— What to produce —
Restate the full listing word for word and leave the pictures out.

— Given information —
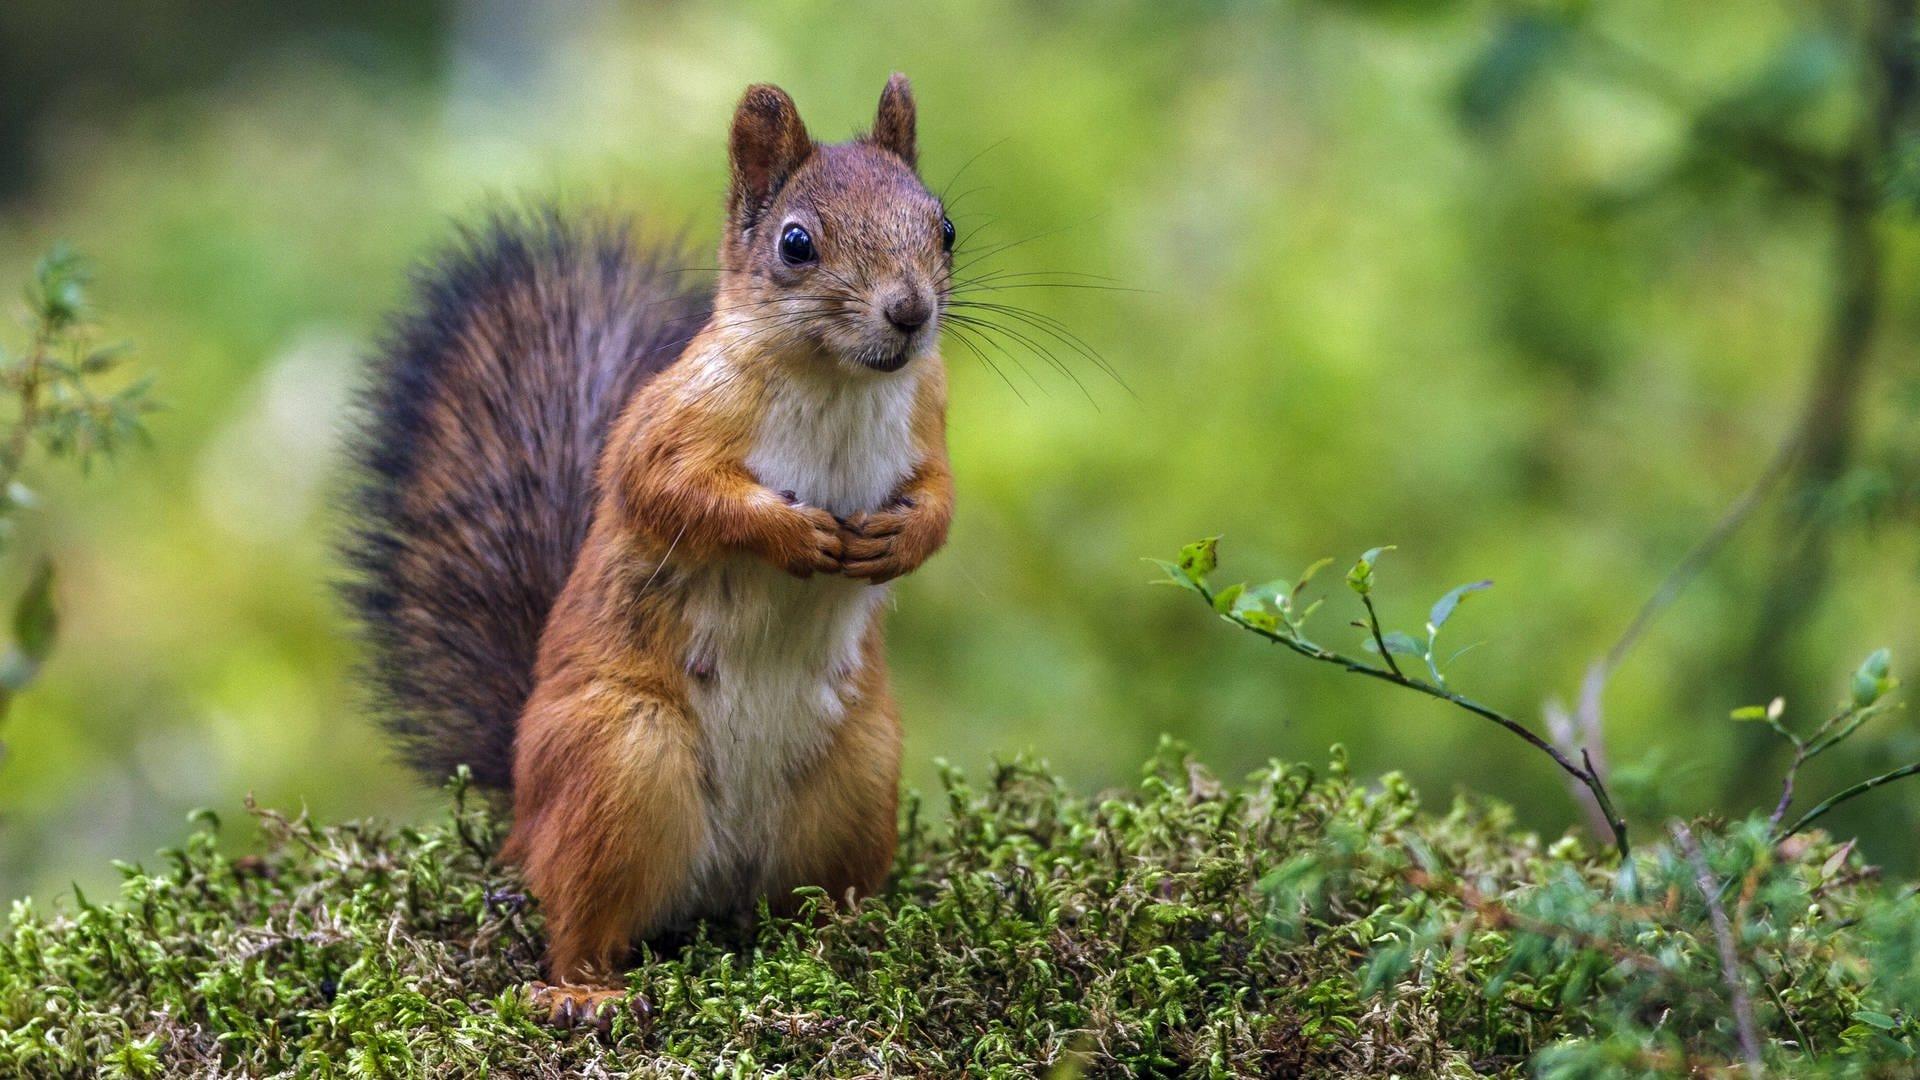 bilder von eichhörnchen  vorlagen zum ausmalen gratis
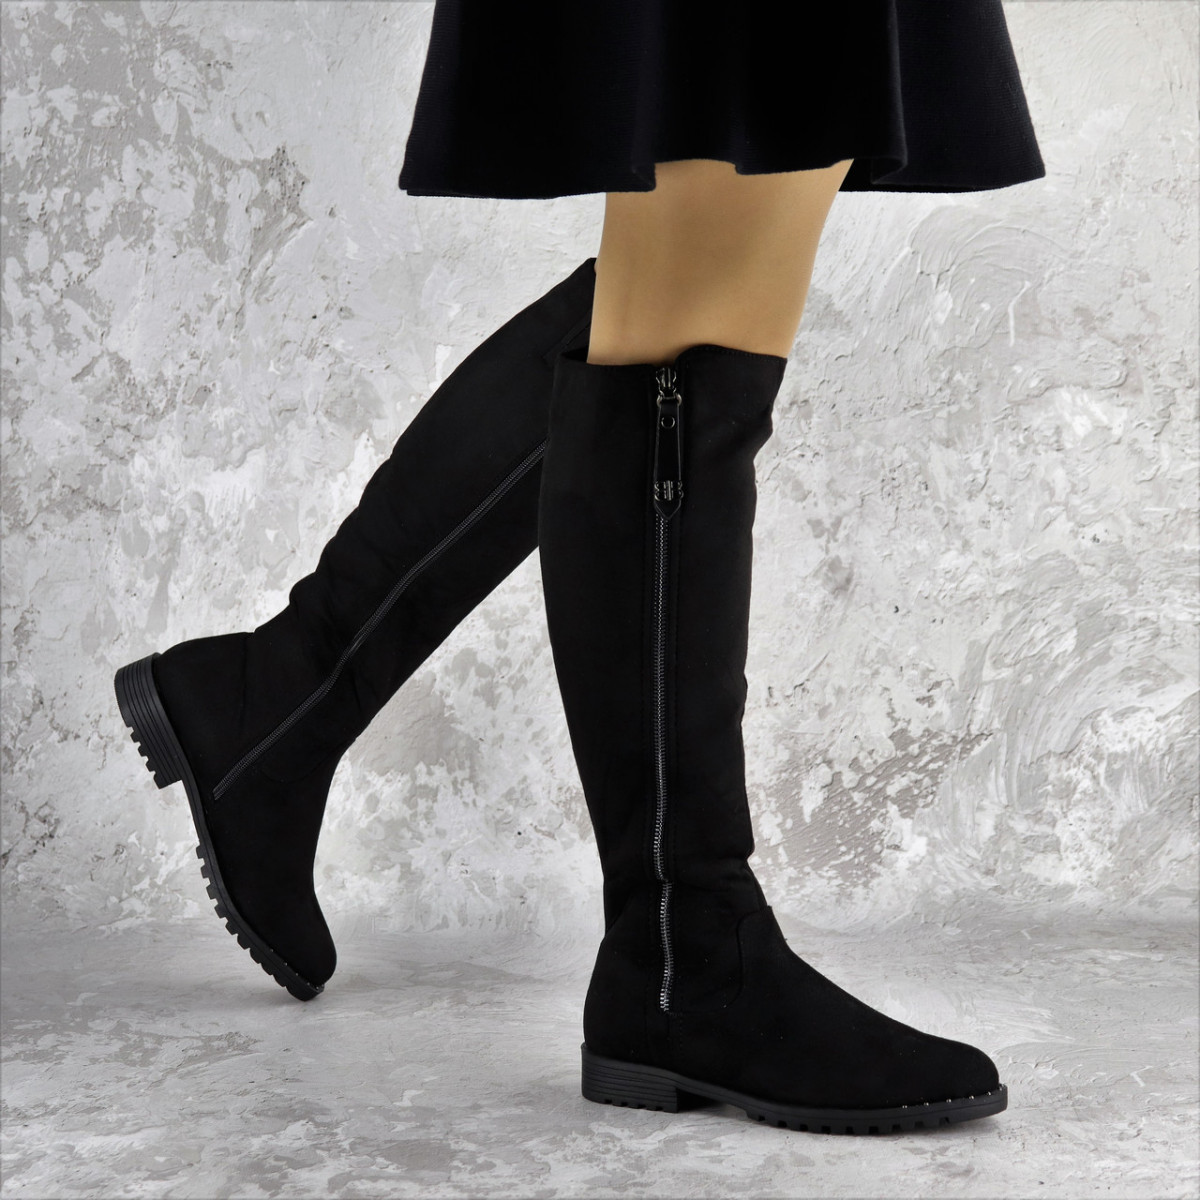 Ботфорты женские черные Kippy 2272 (38 размер)
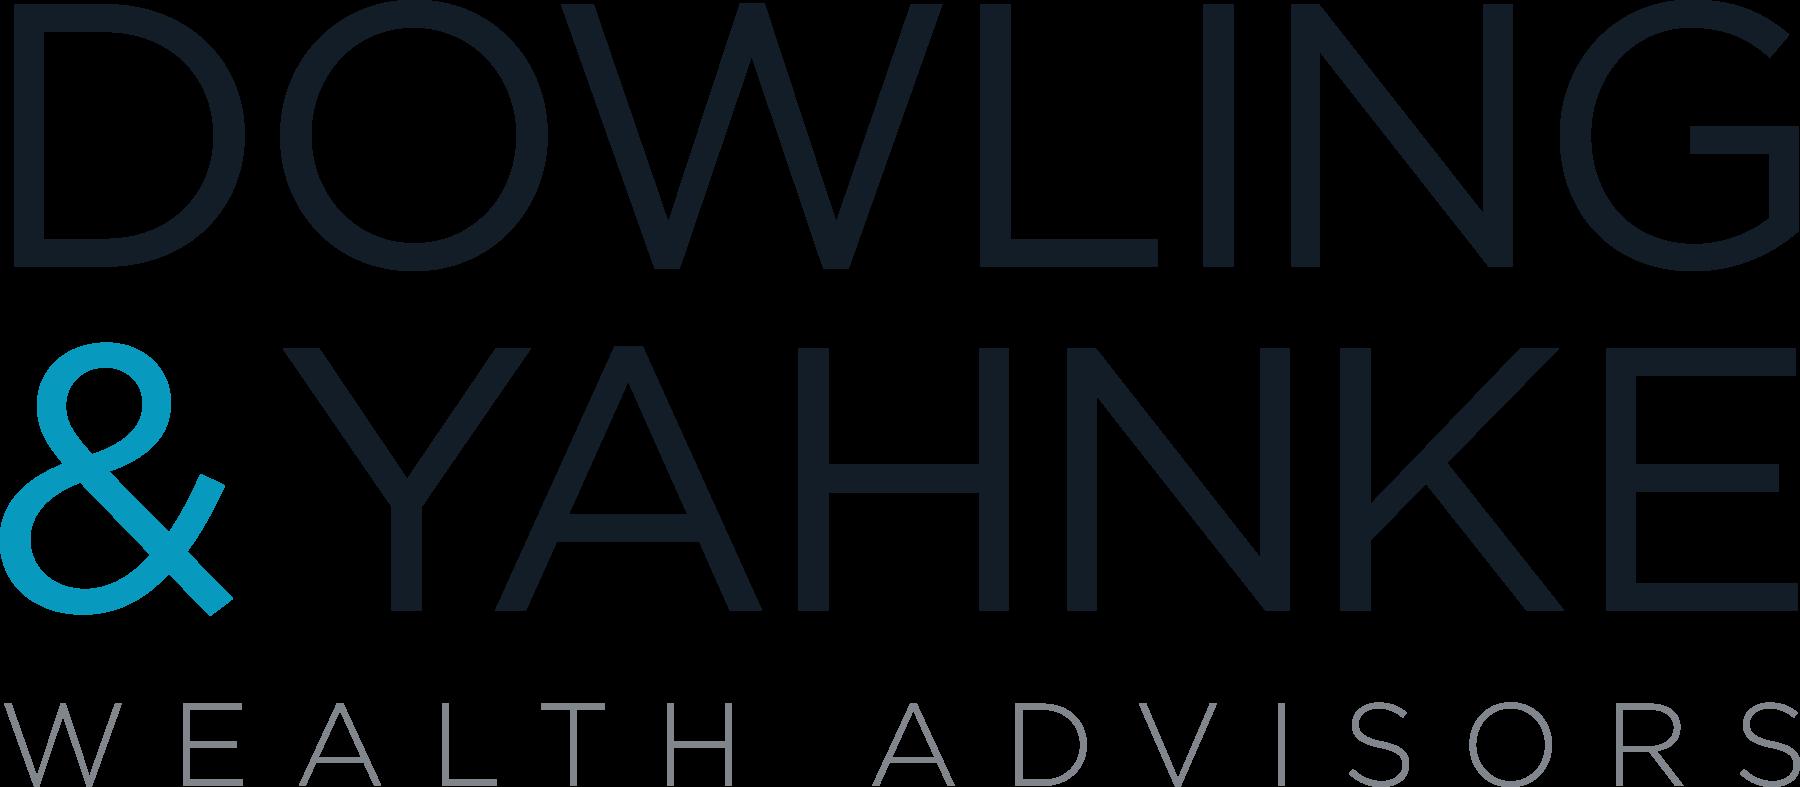 Dowling & Yahnke
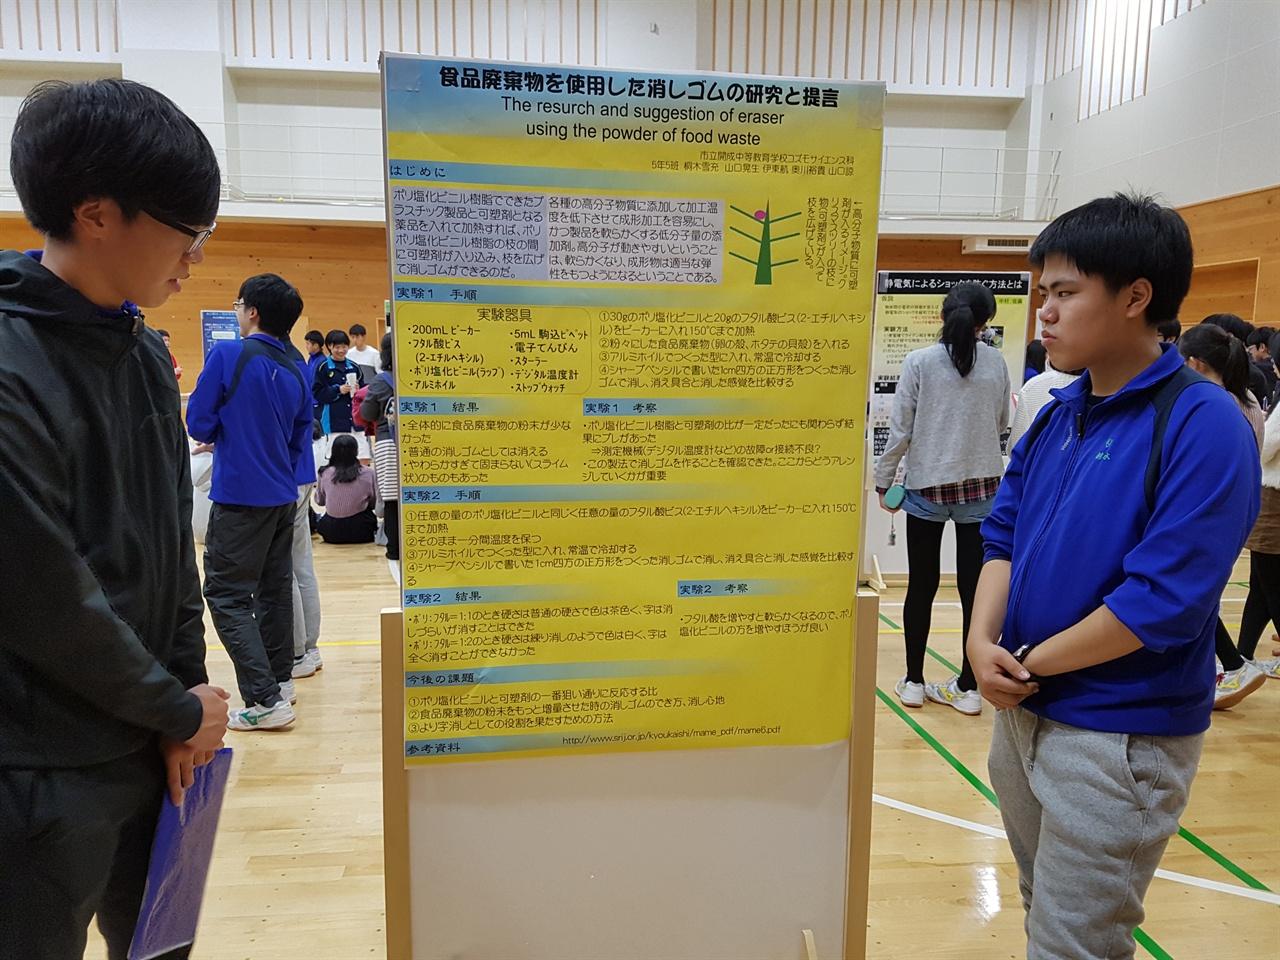 소논문 발표 가이세이 중등교육학교 학생들이 소논문을 발표하고 있다.

— Written solution —
 bilder von eichhörnchen  vorlagen zum ausmalen gratis
 Ботфорты женские черные Kippy 2272 (38 размер)
 Dowling & Yahnke
 소논문 발표 가이세이 중등교육학교 학생들이 소논문을 발표하고 있다.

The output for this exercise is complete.